*** Block opens ***

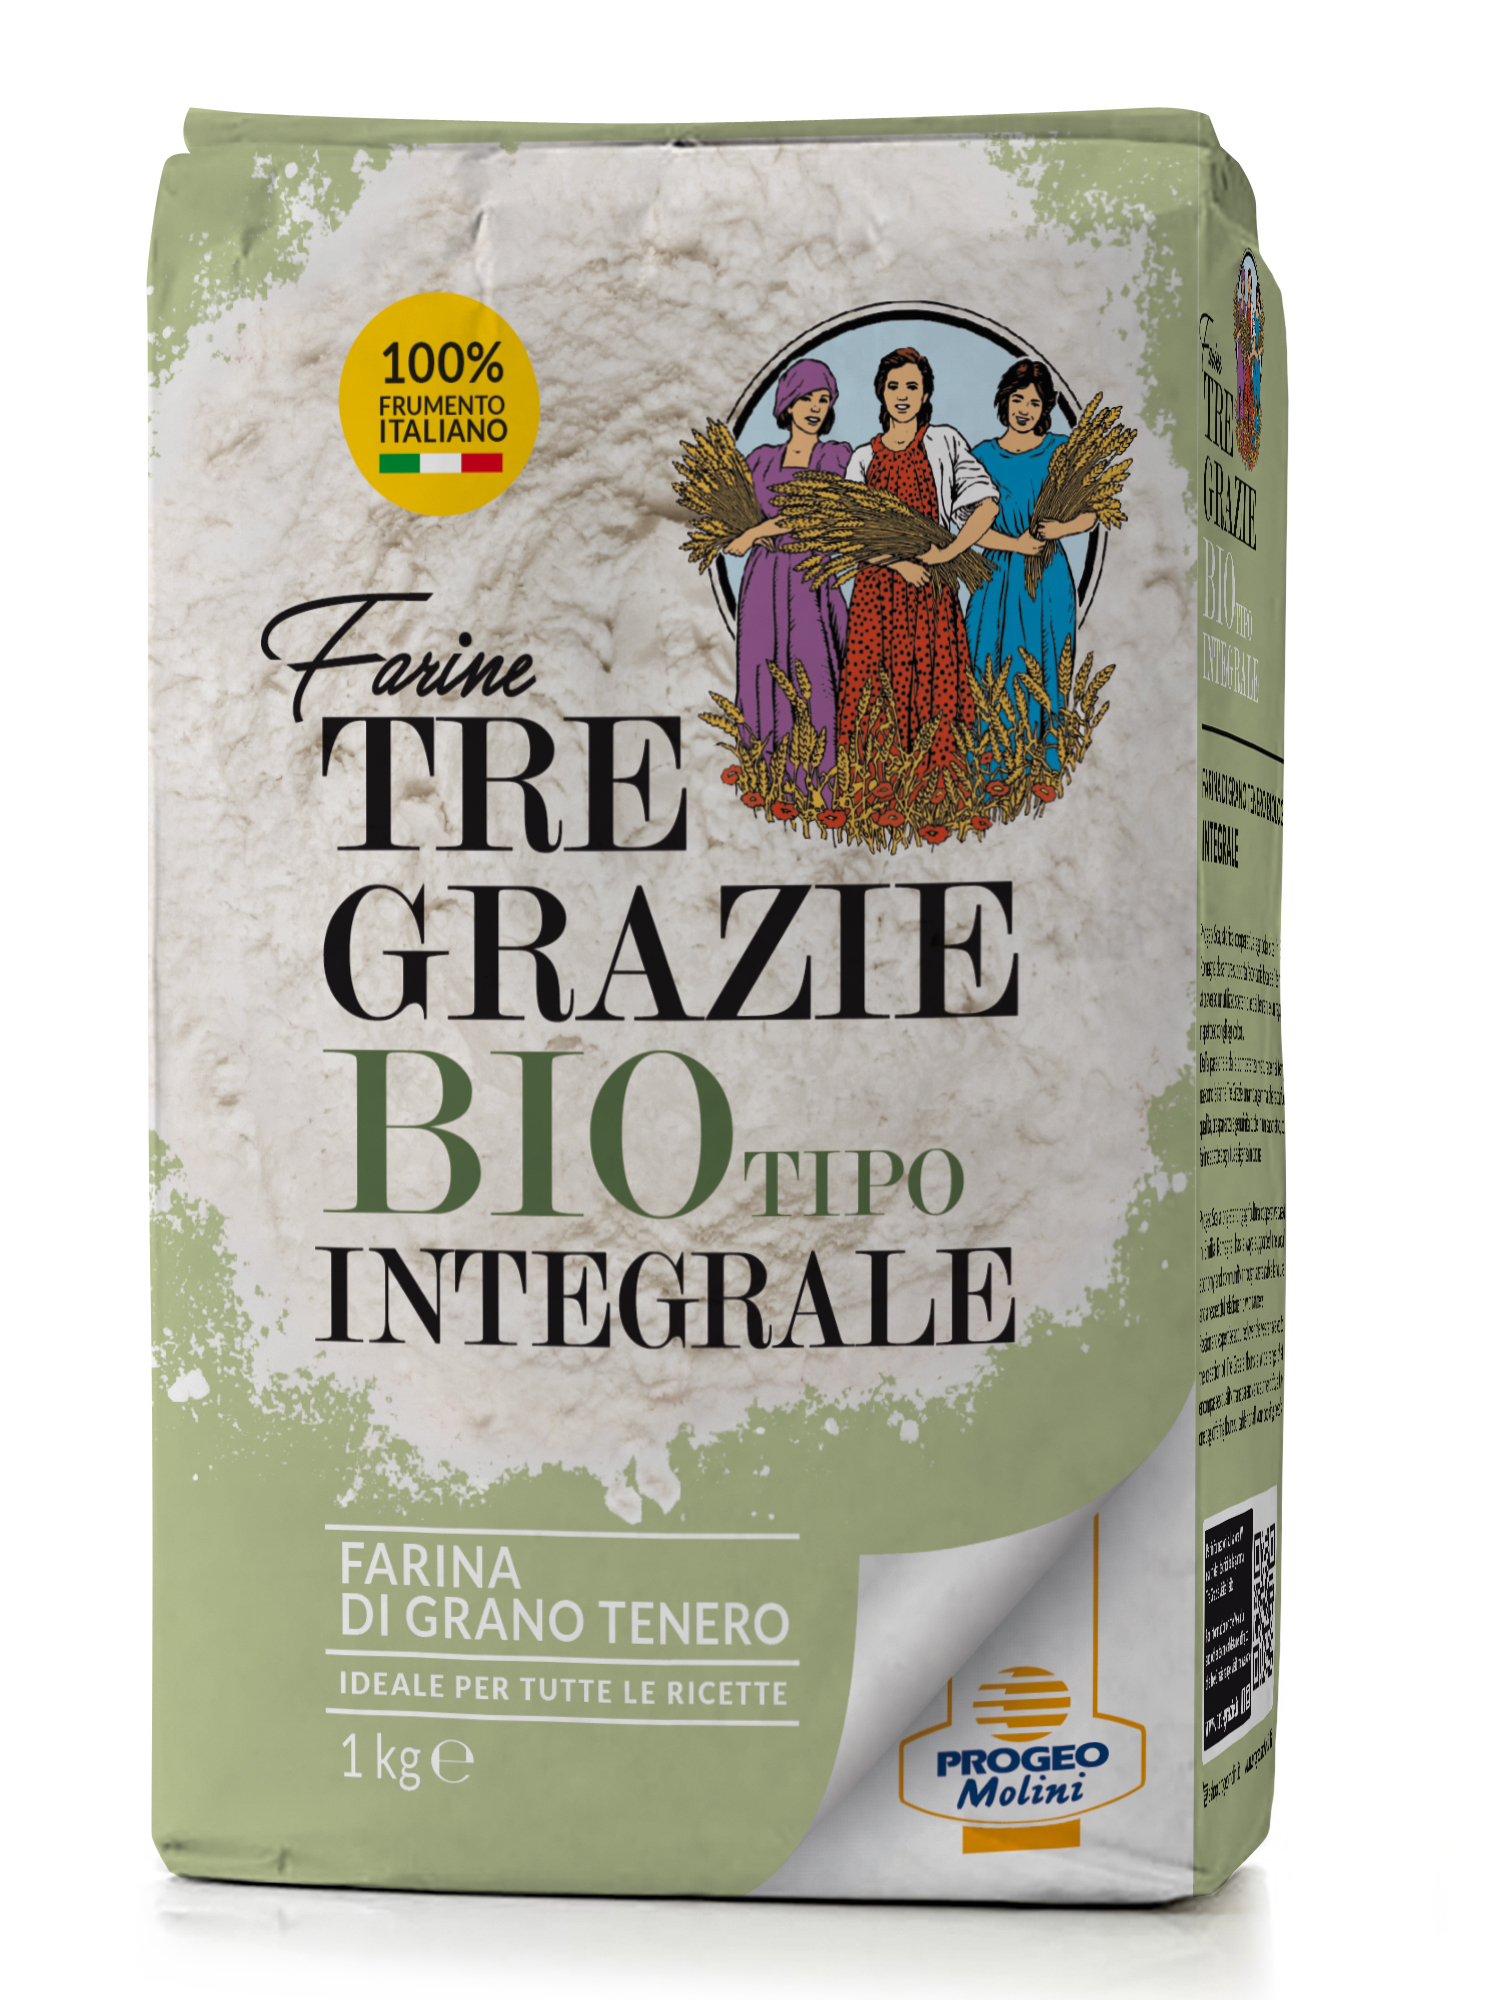 Integrale- 100% Frumento Italiano
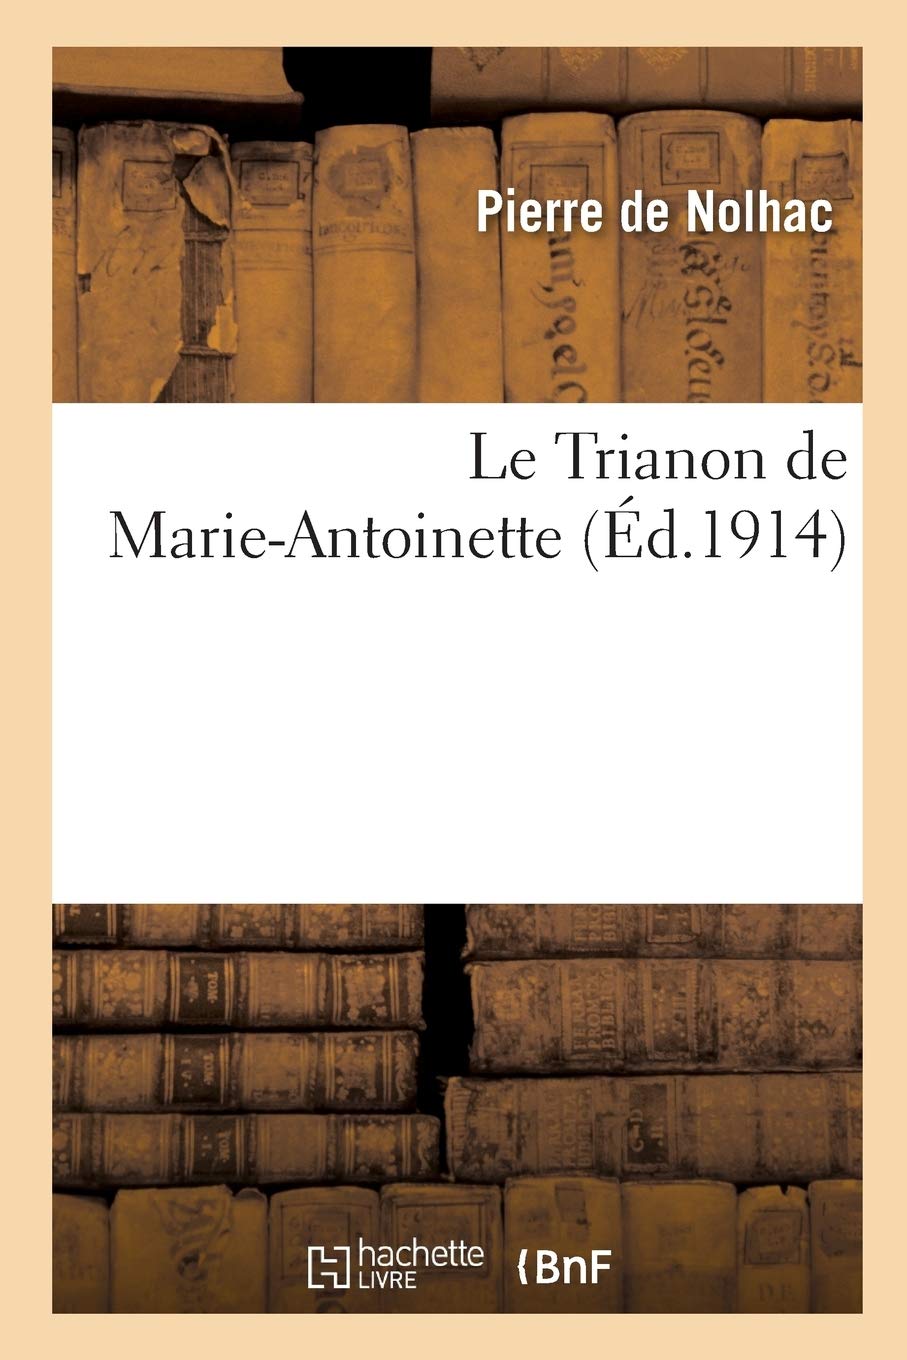 Marie-Antoinette. Les livres de Pierre de Nolhac 61x1wy10
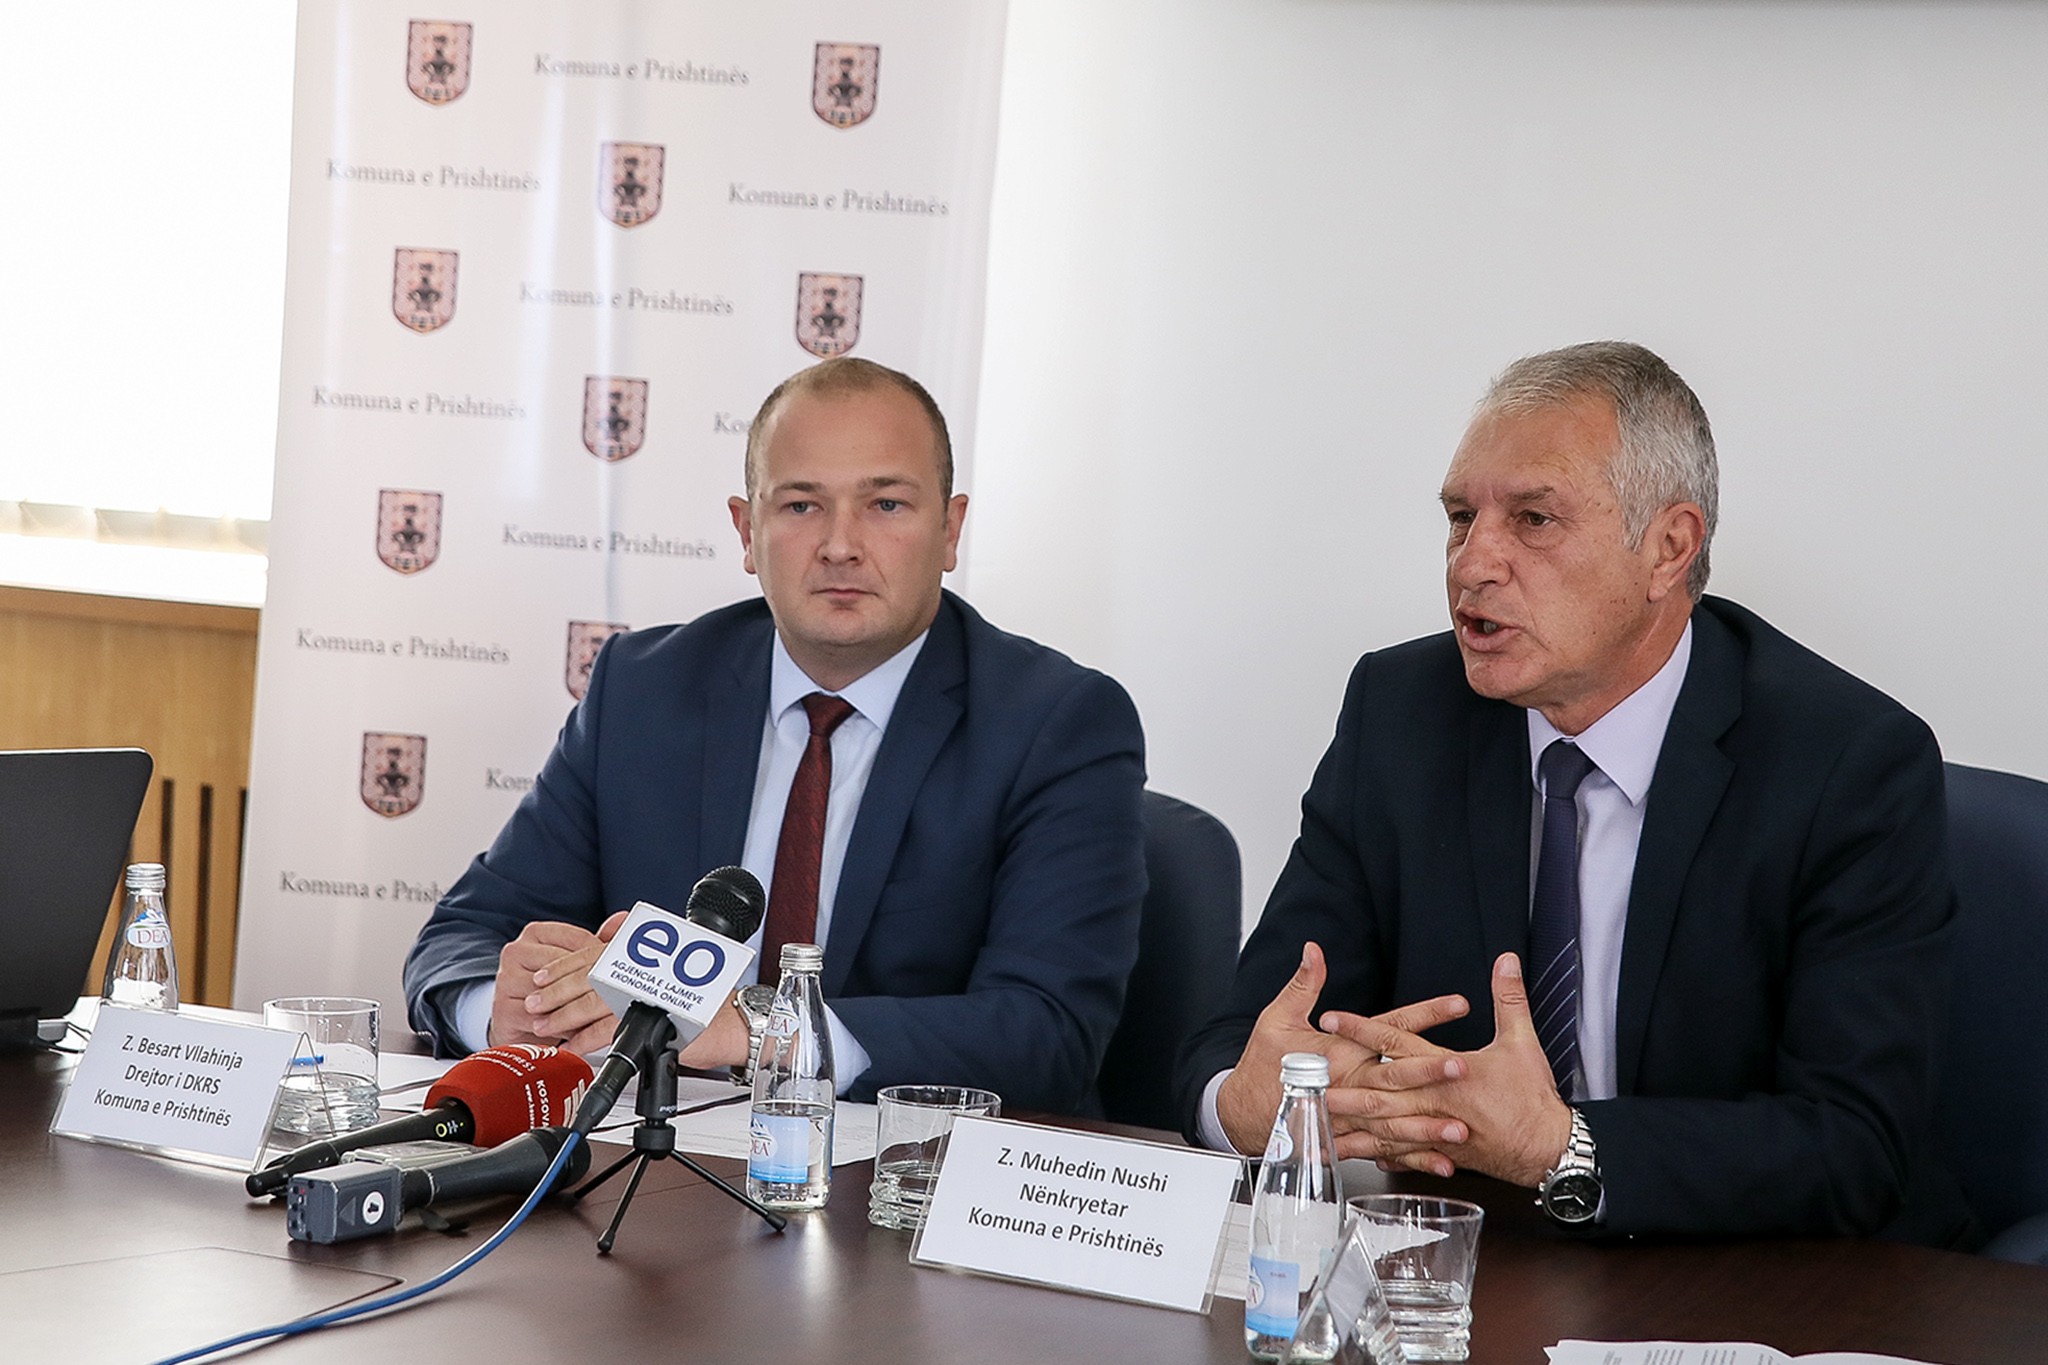 Komuna e Prishtinës me platformë të re dixhitale për menaxhimin e subvencioneve

*** Block closes ***

# EXERCISE BRIEF
Beginning with the line where "Marie-Antoinette. Les livres" appears, reproduce every remaining line of the listing above, the last one included, but none of the pictures.

# TASK RESPONSE
 Marie-Antoinette. Les livres de Pierre de Nolhac 61x1wy10
 Komuna e Prishtinës me platformë të re dixhitale për menaxhimin e subvencioneve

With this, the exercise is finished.